Sorry, but that's rubbish. The practical heat limit for conventional light alloys is Mach 2.2, and flight profile management to mitigate sonic booms is a long-established art. The Mach 3+ Lockheed Blackbird spyplanes coped with the sonic boom issue all right; halving their cruising speed not only helps even more with that, but allows the use of cheap light alloys and carbon composites throughout.

I'd also take strong issue with your claims for the economics of near-orbital rocket speeds, but that is off-topic here.
 
I should have said: ECONOMICAL limit. As in: 747 succeeded, Concorde failed... on economics ground.

Makes little economic sense for civilian aircraft to try and fly beyond the sound barrier, or running straight into the heat barrier...
-Technically, yes, thank you Captain Obvious, it's feasible.
-For the military, too, it makes sense.
 
I should have said: ECONOMICAL limit. As in: 747 succeeded, Concorde failed... on economics ground.
Perhaps you haven't noticed, but Boom's principal strategy is to do better than Concorde in every area - technological, environmental and economical. Space tourism is a big enough market to attract several players already, it seems untenable to suggest there is no room for a little Mach 1.5 globetrotting squeezed in between.
 
Also, by distributing the cost of supersonic flight among a larger share of passengers, Supersonic airlines will re-attract the high-end share of business travelers. A profitable share of the market pulled away from commercial flight by the pandemic and the speed and range of the new business jets.

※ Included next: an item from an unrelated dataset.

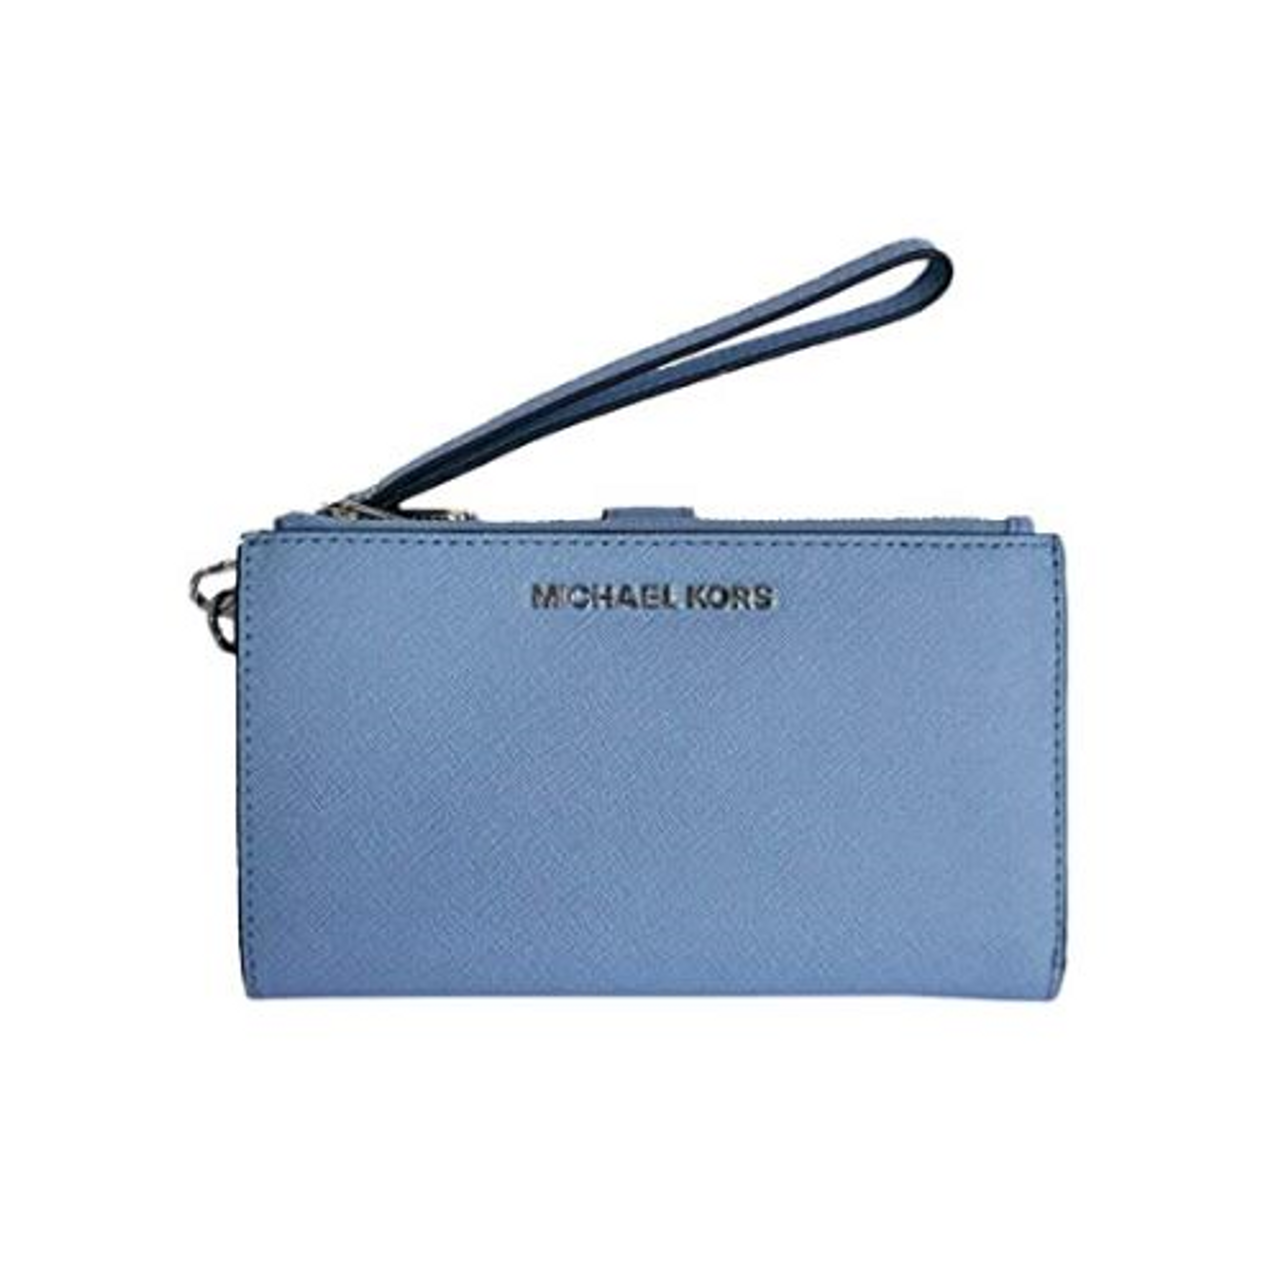 michael kors powder blue wallet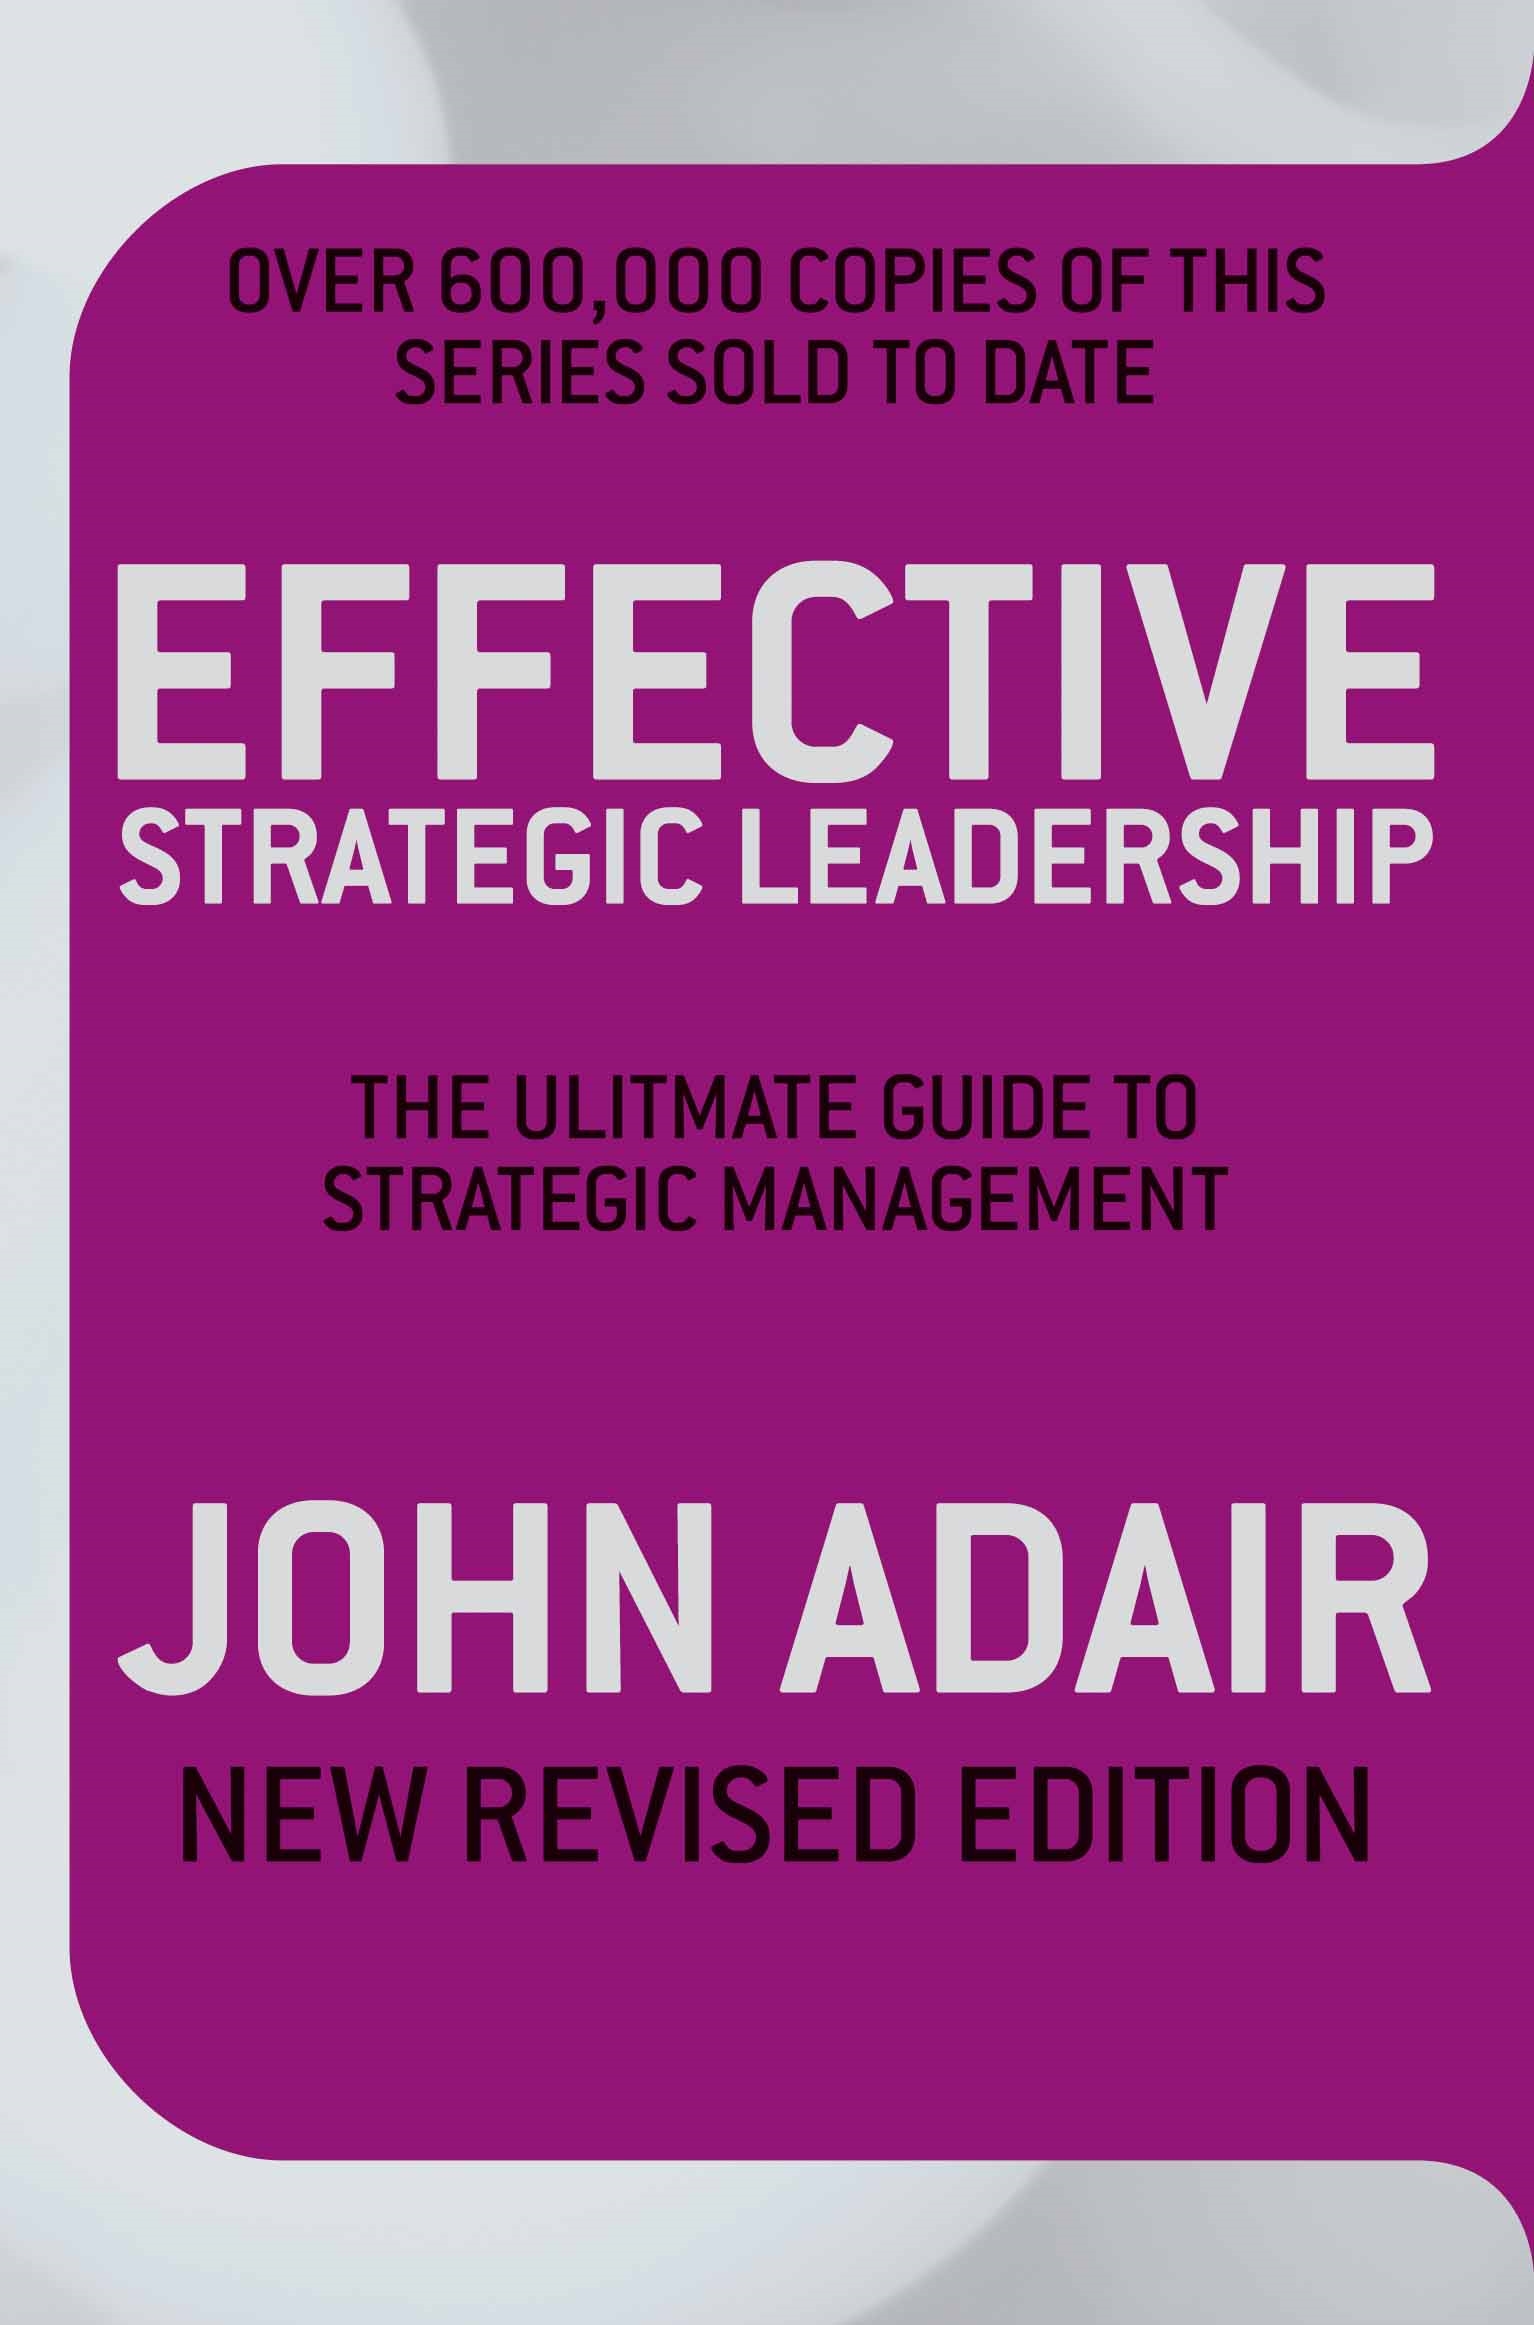 Effective Strategic Leadership (NEW REVISED EDITION)

For that, you'd need real speed. And just doing Mach 1.+ won't make it:
- counterbalance border crossing time
- offset international hub transit time
- offer a price advantage as regular schedules.

So, by flying as fast as Mach 2, you can counter balance the first two points
By having enough cabin volume, you can access departure slots, unavailable to a smaller design or a supersonic business jet and compress the fixed cost per premium seats.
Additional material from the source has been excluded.